This ancient beaver outlived the dinosaurs
How did a 3-foot-long, furry, plant-loving beaver-like animal with buckteeth outlive the dinosaurs? New fossil remains found in New Mexico provide scientists with some important clues.
"It's interesting that this odd, now extinct group, was among the few to survive the mass extinction and thrive in the aftermath," said Thomas Williamson of the New Mexico Museum of Natural History and Science, who led research that appeared Monday in the Zoological Journal of the Linnean Society. "It may be because they were among the few mammals that were already well-suited to eating plants when the extinction came."
Kimbetopsalis simmonsae, which originated some 100 million years before dinosaurs became extinct and went on to spread throughout what is now Asia and North America, stood out for having strange and complex teeth. Their sharp incisors and molars with lots of cusps were suited to their diet of plants and leaves that were common in the lush environment of forests, rivers and lakes where they lived.
"Finding this new mammal was a pleasant surprise. It helps fill an important gap in the record of this group of mammals," he said.
The fossil itself dates to about 500,000 years after the extinction of the dinosaurs.
University of Edinburgh's Steve Brusatte, who took part in the research on the fossil, agreed their varied diet helped them survive what many scientists believe was the impact of an asteroid that sparked a series of "apocalyptic environmental changes" that led to dinosaurs extinction about 66 million years ago.
"It's hard to know exactly why, but it seems like mammals that were small and had more generalist diets were better able to endure the apocalypse caused by the asteroid impact," he told CBS News. "And then as the dust settled, these plucky survivors very quickly began to diversify after the dinosaurs were cleared out."
The group finally died out some 35 million years ago and was replaced by emerging rodents.

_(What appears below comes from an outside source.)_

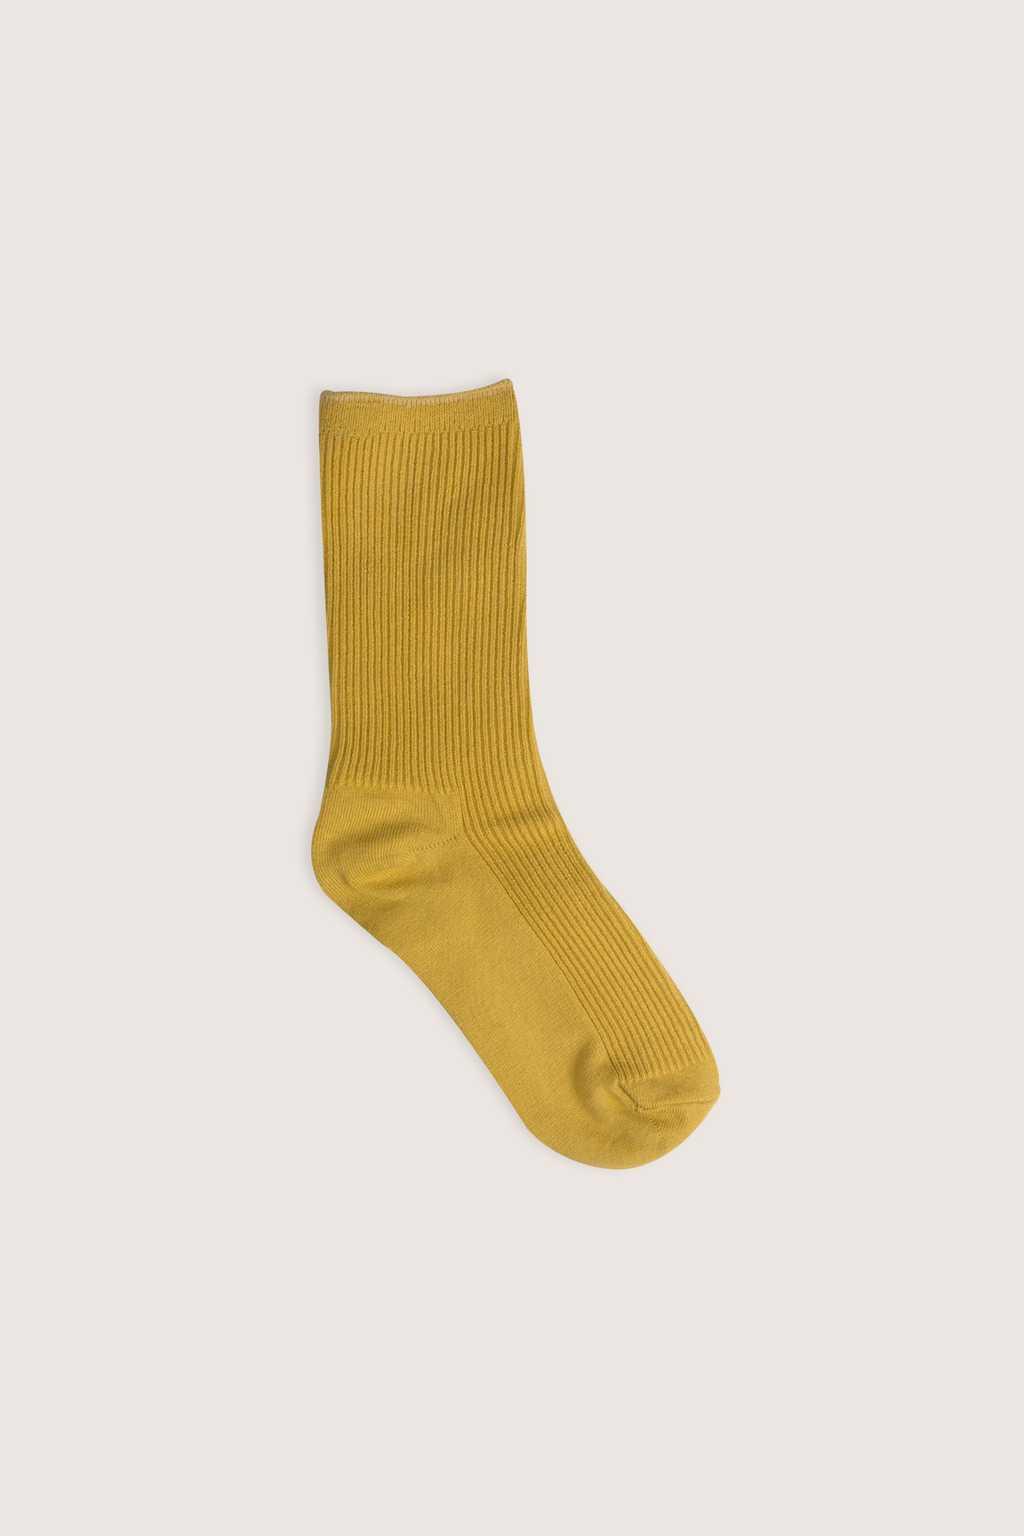 Sock H030 Yellow 4

Scientists say it is unclear why the animals - known as multituberculates - were superseded, but it may be because rodents were smarter, grew more quickly, or reproduced faster, giving them an edge in competing for resources.
"The first rodents appear in the fossil record about 10 million years after Kimbetopsalis lived," Brusatte said. "And then rodents really seem to proliferate while these more primitive multituberculate mammals whittled away to extinction. Rodents probably grew faster and were smarter than multitubercualtes, so maybe they outcompeted them."
Kimbetopsalis simmonsae has helped scientists update the mammal's family tree.
"It helps us better understand which multituberculates were able to survive and then thrive after the dinosaur extinction. This new mammal lived only a few hundred thousand years after the asteroid impact. It is larger (at 2-3 feet long and 10-30 kilograms) than most, if not all, mammals that lived alongside the dinosaurs," Brusatte said.
"It also ate plants, a diet that very few mammals enjoyed while living alongside the dinosaurs," he continued. "So it tells us that very quickly after the dinosaur extinction, the surviving mammals started to diversify, get bigger, evolve new diets and behaviors, and begin that march to dominance that continues today, as we live in a world full of mammals."